CCCCLXXVII. Hoofd-stuk. Tragopogon, Barba Hirci, Boks-baard, Josephs bloemen, Morgen-sterre.
HEt wast met een ronde geknoopte struik ontrent de vier voeten hoog: uit zyn knoopen verscheide takken uitgevende. De bladen zyn lang, smal, en spits, groeijende in maniere als de Scorzonera. Op den top der takjes komt een groote, groene, en spits toeloopende knop: welke open-gapende, komt daar een bloem van maaksel als die van Cichorei, ofte nog wel soo groot, bestaande uit veele lange en smalle blaadjes: sy zyn of geel, uit den purperen blaauw, ofte donker purper, en byna swart: gaande des ogtens met de Sonne op, en sluit zig wederom na de middag: eindelyk verwandelt deselvige in ligte en wyd-uitstaande stuifjes, welke verwaaijen: maar in de groene, geblade bloem-koker vind men swart, langwerpig, en spits-toeloopend zaad. De wortel is lang, wit, en soet van smaak. Dit gewas gebroken zynde geeft een melkagtig sap van zig.

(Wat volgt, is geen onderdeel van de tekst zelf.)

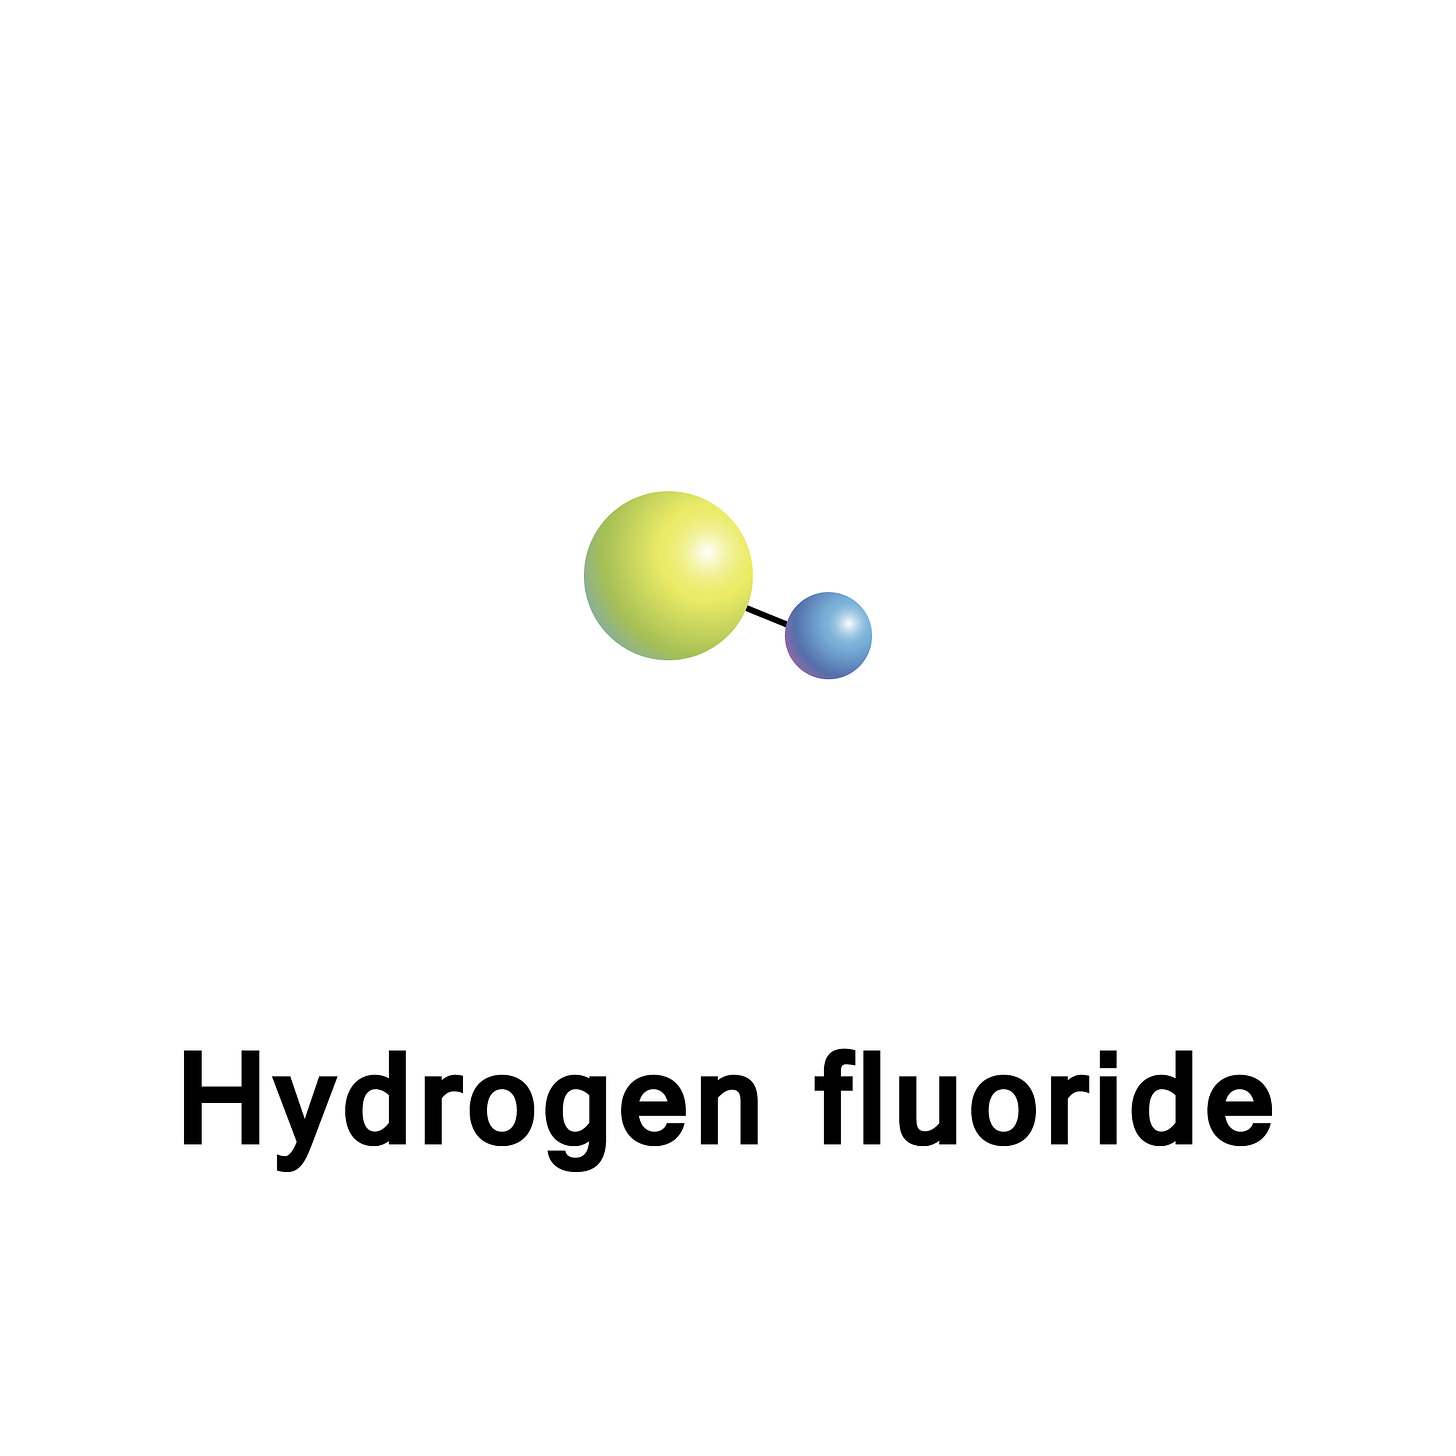 Hydrogen fluoride shutterstock_643500772

Niet tegenstaande dat het soo hier als daar in het wilde wast, soo vind men het nogtans gemeenlyk in de kruid-hoven, alwaar het ook hooger opschiet en grooter werd. Sy bloeijen in de Somer. De wortel blyft des Winters over, en schiet in de Lente weder uit.
De wortelen konnen dienstig zyn daar men de Scorzonera in gebruikt. Sy werden mede gekookt en gegeten voor spyse.